What the task requires
Restate word for word the lines below, from the one containing "上海市水务建设工程文明工地管理实施细则(最新)" through the final line, with no pictures included.

Supplied material

▬▬▬▬▬▬

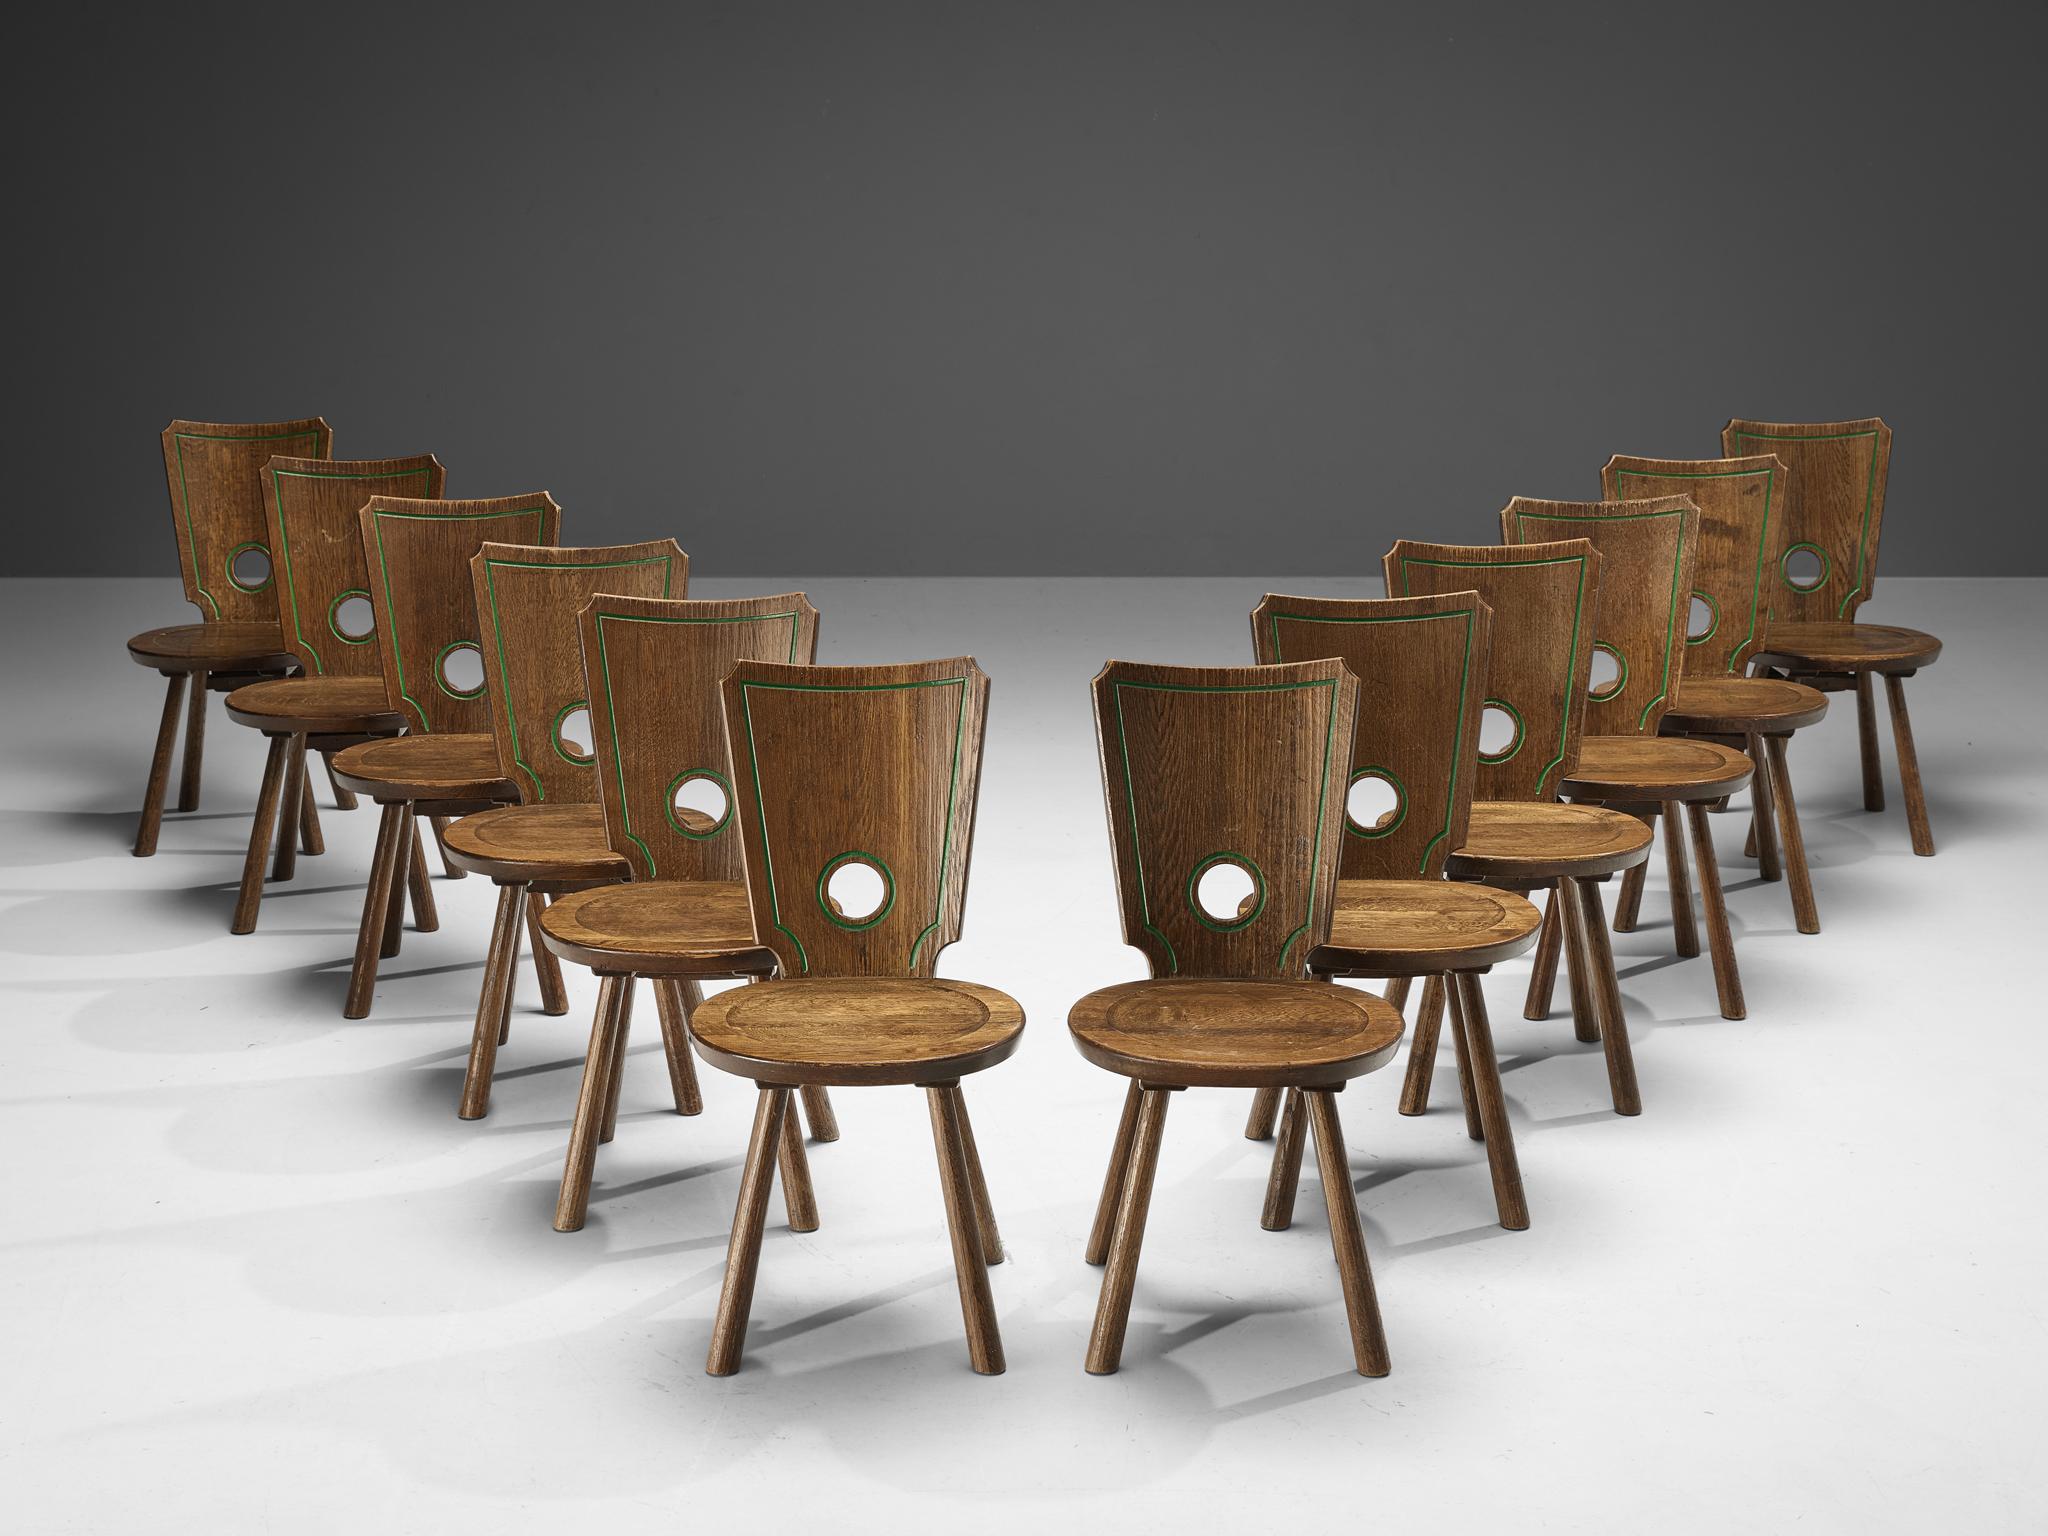 Großer Satz Esszimmerstühle, Eiche gebeizt, Messing, Metall, Frankreich, 1960er Jahre

Charakteristisches Set französischer Esszimmerstühle. Die abgerundete Aussparung in der Rückenlehne spielt eine wichtige visuelle Rolle, da sie im Kontrast zu den
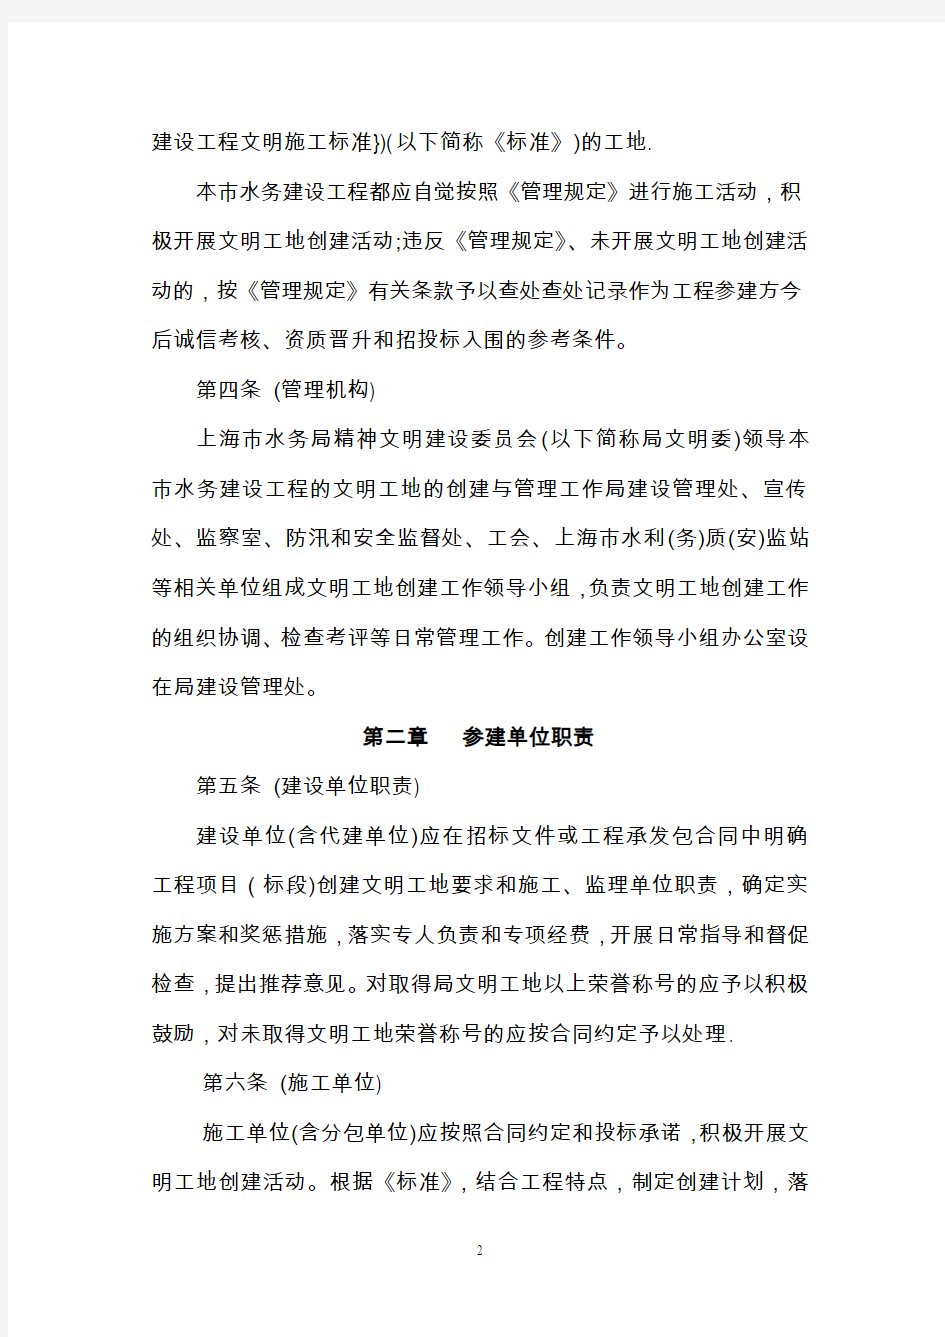 上海市水务建设工程文明工地管理实施细则(最新)
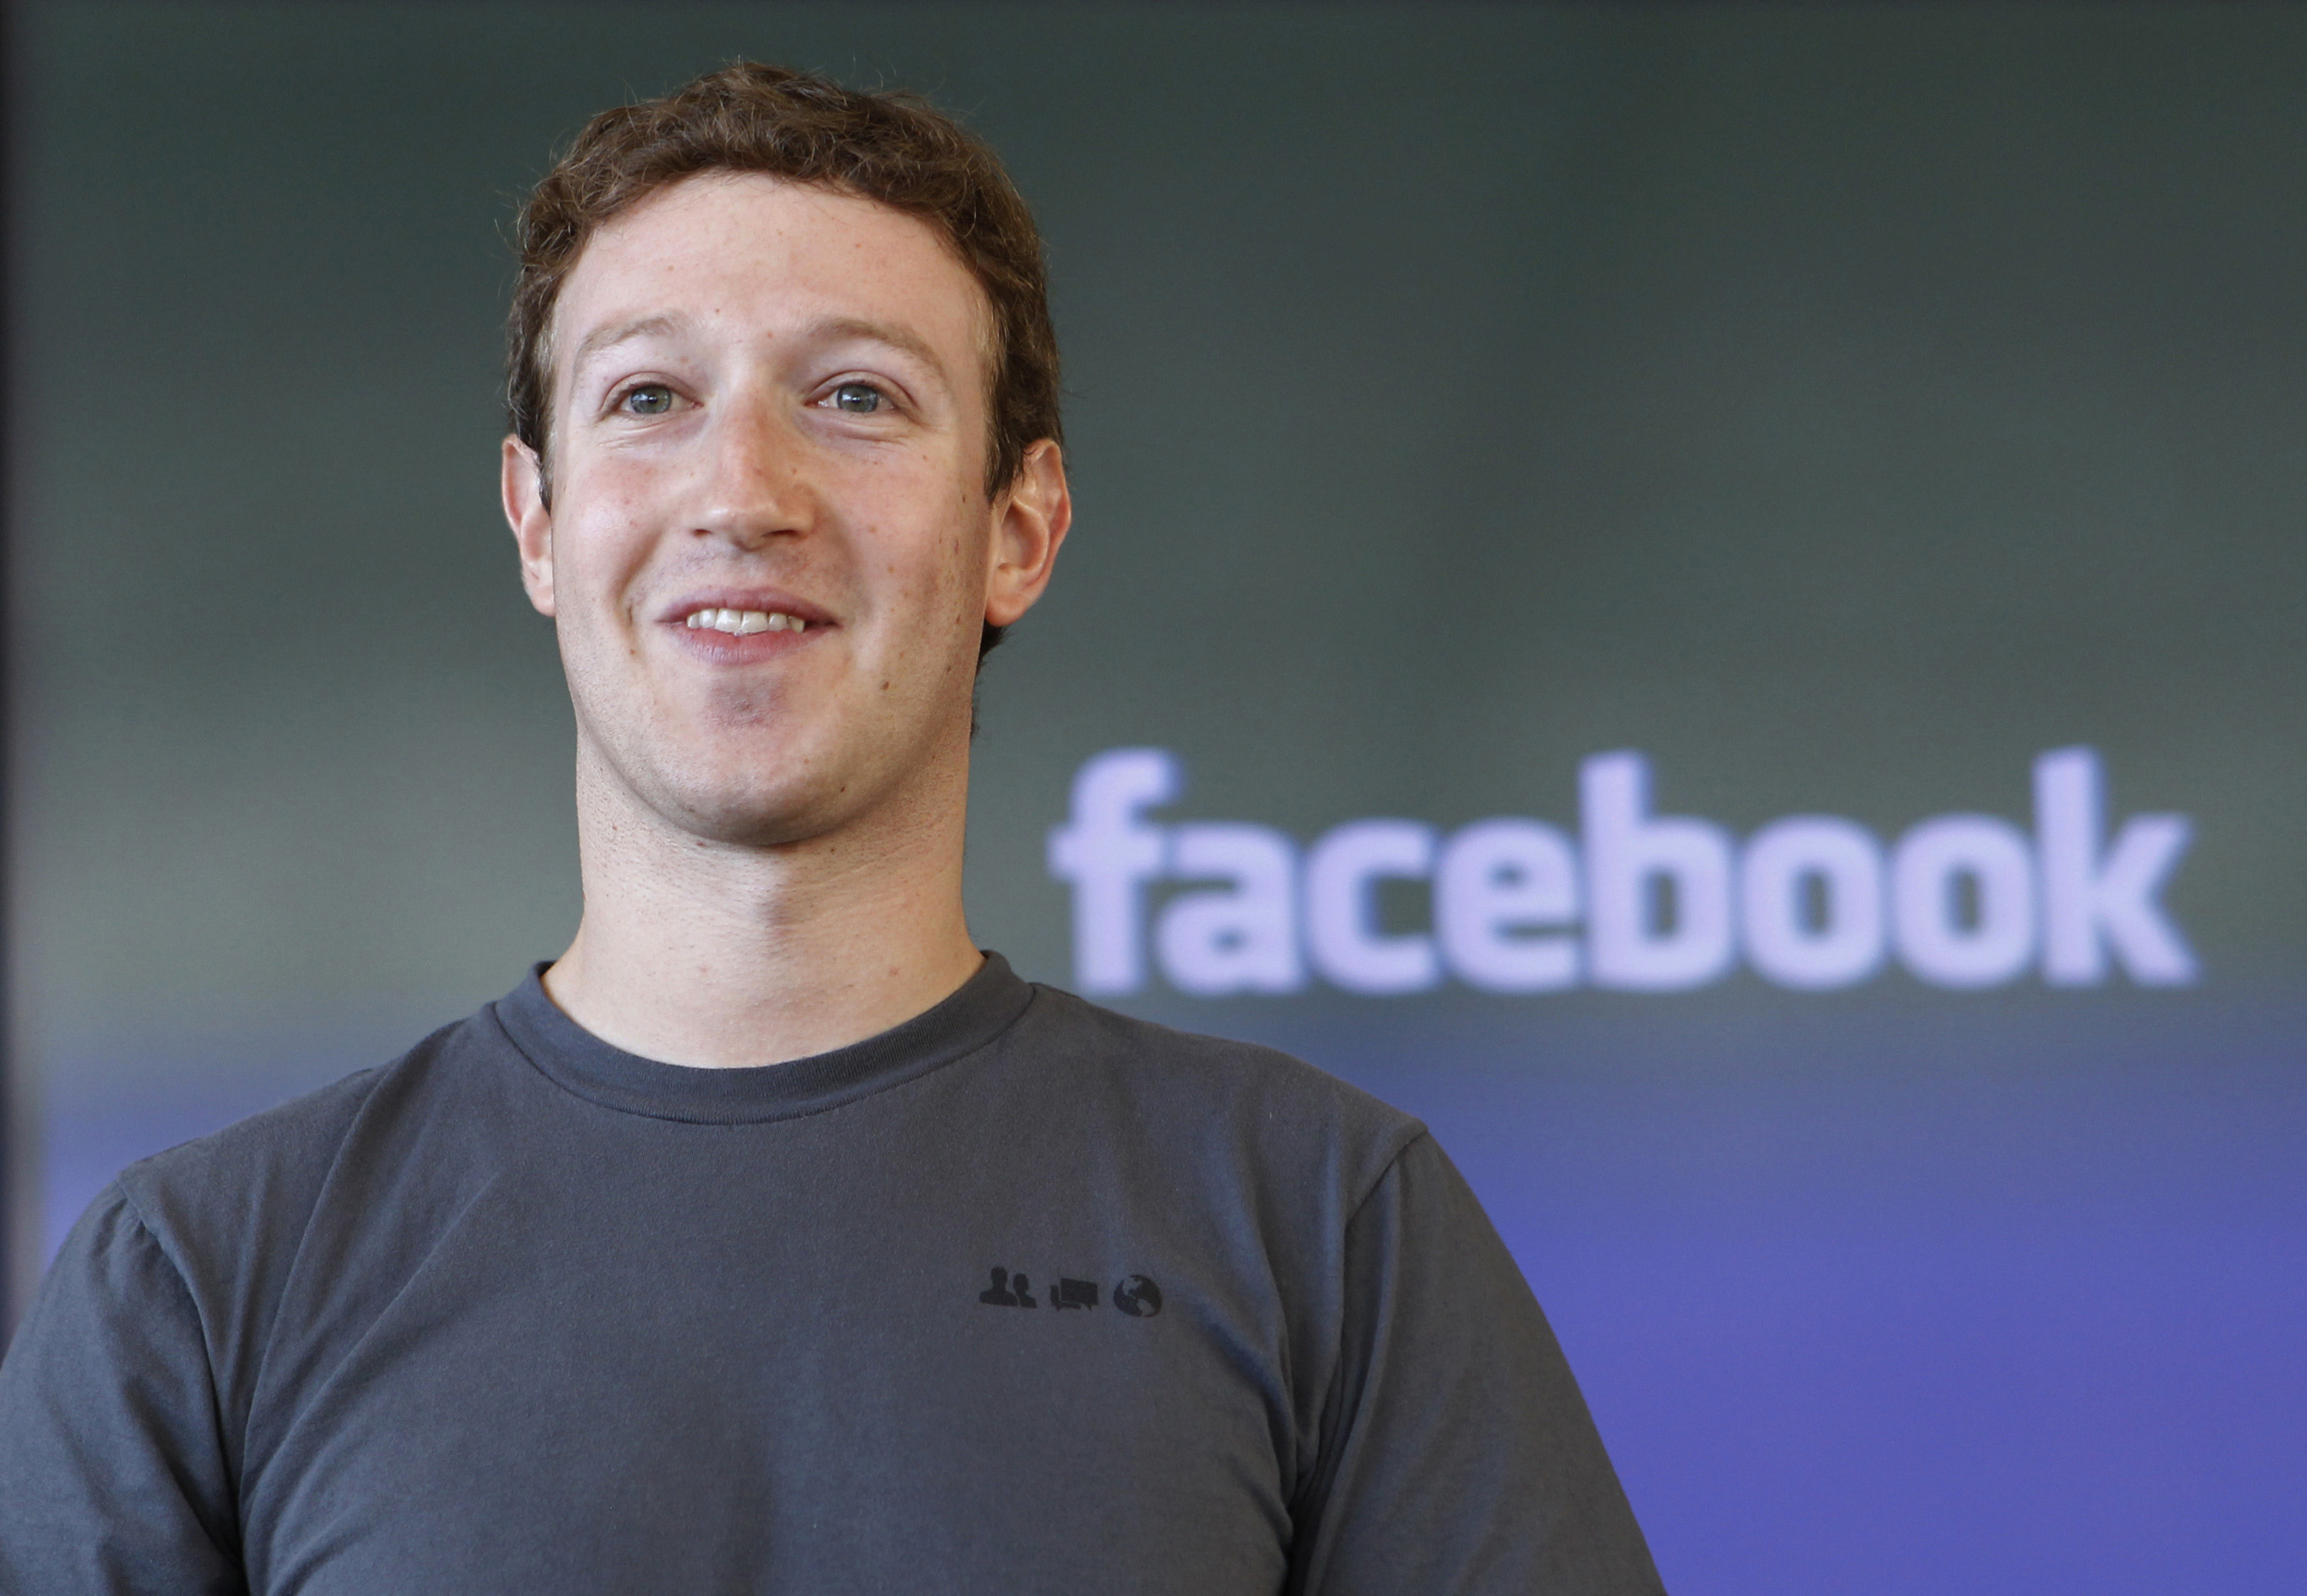 Facebooks grundare Mark Zuckerberg svarar på kritiken efter att Safety Check infördes efter dåden i Paris, men inte i Beirut innan.

▬▬▬▬▬▬

Result for this task
 上海市水务建设工程文明工地管理实施细则(最新)
 Facebooks grundare Mark Zuckerberg svarar på kritiken efter att Safety Check infördes efter dåden i Paris, men inte i Beirut innan.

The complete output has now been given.